A Glacial Pace: the FDA Lets Decades Go By without Acting on Own Health Warnings

In the past few years, Americans have grown concerned about the risks of pumping farm animals with antibiotics. Recent reports of antibiotic-resistant superbugs jumping from livestock to people have inspired consumers to demand antibiotic-free meat from grocery stores and restaurant chains. This may seem like a new trend in healthy living, but the truth is government officials warned about the hazards using antibiotics in animal feed nearly four decades ago. They just haven’t done much about it.

Back in 1970, the commissioner of the Food and Drug Administration asked a group of scientists to study the practice of lacing animal feed with antibiotics. In 1972, the scientists issued a report saying the practice increased the risk of drug-resistant bacteria. In 1977, the FDA issued an official finding concluding that using antibiotics in animal feed was a threat to human health.

What did the agency do with that finding? Next to nothing. It stalled, dragged its heels, and busied itself with issuing voluntary guidelines for 34 years until NRDC sued the FDA last May and a judge ordered the agency to start protecting the public and follow the law. Not surprisingly, the agency has now appealed our two back-to-back public health victories to avoid taking real action.

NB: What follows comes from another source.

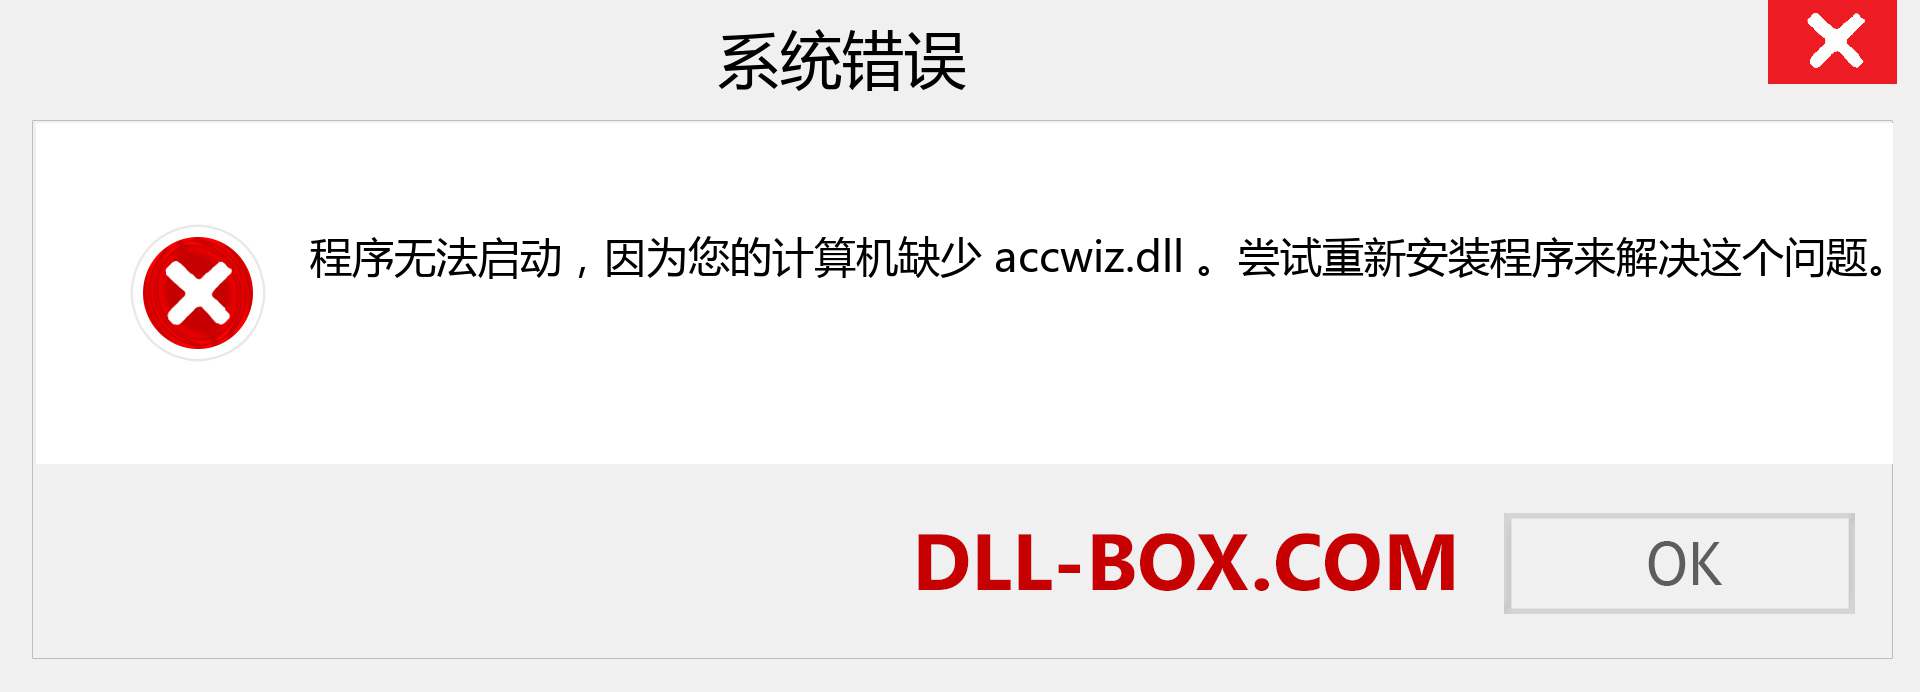 accwiz.dll 文件丢失？。 适用于 Windows 7、8、10 的下载 - 修复 Windows、照片、图像上的 accwiz dll 丢失错误

It’s bad enough the FDA has left generations of Americans vulnerable to infections that can be difficult or impossible to cure. But this isn’t the only instance in which the agency’s inaction has led to grave and even deadly consequences. The latest edition of NRDC’s OnEarth Magazine features an exposé by Barry Estabrook revealing that time and again the agency has failed to protect Americans from harm.

One of the agency’s singular failures is letting decades go by without acting on proven health risks. Sometimes the agency writes draft standards but never finalizes them. It launches review cycles, runs down the clock, and then starts the process over again. All the while, people are buying unsafe products and eating unsafe food.

The 35-year delay on important antibiotics is just one of many examples. The FDA is following a similarly glacial timeline on another known risk: triclosan.  Back in 1978, the agency proposed removing triclosan from antibacterial hand soaps. Research had shown that triclosan not only posed a threat to vital organs including the brain, liver, and spleen, but it wasn’t even shown to be effective against bacteria.

Yet the agency never finalized the monograph regulating its use. Three decades later, Americans spend almost $1 billion on “antibacterial” soaps and other products containing triclosan and its chemical cousin, triclocarbon. The use of triclosan has become so widespread that studies found residues of this hormone disruptor in 75 percent of Americans over the age of six. And now there even more scientific studies documenting its shortcomings.

A new article at OnEarth.org describes some of the new research, including one done by epidemiologists at the University of Michigan School of Public Health and one done by an immunologist at Johns Hopkins that show a link between elevated levels of triclosan and allergies in children. Recent studies have also confirmed triclosan is largely ineffective. The OnEarth article quotes Allison Aiello, a University of Michigan epidemiologist who examined 27 studies of triclosan and concluded, “Triclosan doesn’t provide any benefit above and beyond soap. This is a case where the risk outweighs the benefit.”

NRDC has filed a lawsuit to push the agency to finally finish the antimicrobial rule it started three decades ago. We also filed suit to make the agency respond to a petition asking FDA to ban the use of BPA in canned foods and other containers. Years of scientific research have confirmed that BPA interferes with estrogen and alters development of the brain and reproductive organs such as the prostate and breast tissues. More than 90 percent of Americans carry residues of the chemical in their bodies. The evidence is so strong that eleven states have decided to regulate BPA and consumer outrage has grown so intense that companies have already removed BPA from many products.

Yet rather than prohibiting the use of this dangerous chemical, the FDA denied NRDC’s petition and said it will “continue our review and study of emerging data.” Hopefully it won’t take 30 years to reach a decision. The FDA’s paralysis isn’t just a procedural or political problem. It is a threat to our health. Each time the agency fails to act on a known risk, our families continue to be exposed to chemicals linked to superbugs, neurological and reproductive problems, even cancer.

FDA’s mandate is to protect our food, our health and our families.  That requires them to heed the science, stand up to those who work to obfuscate it, and protect our health.  It’s time for FDA to start doing its job.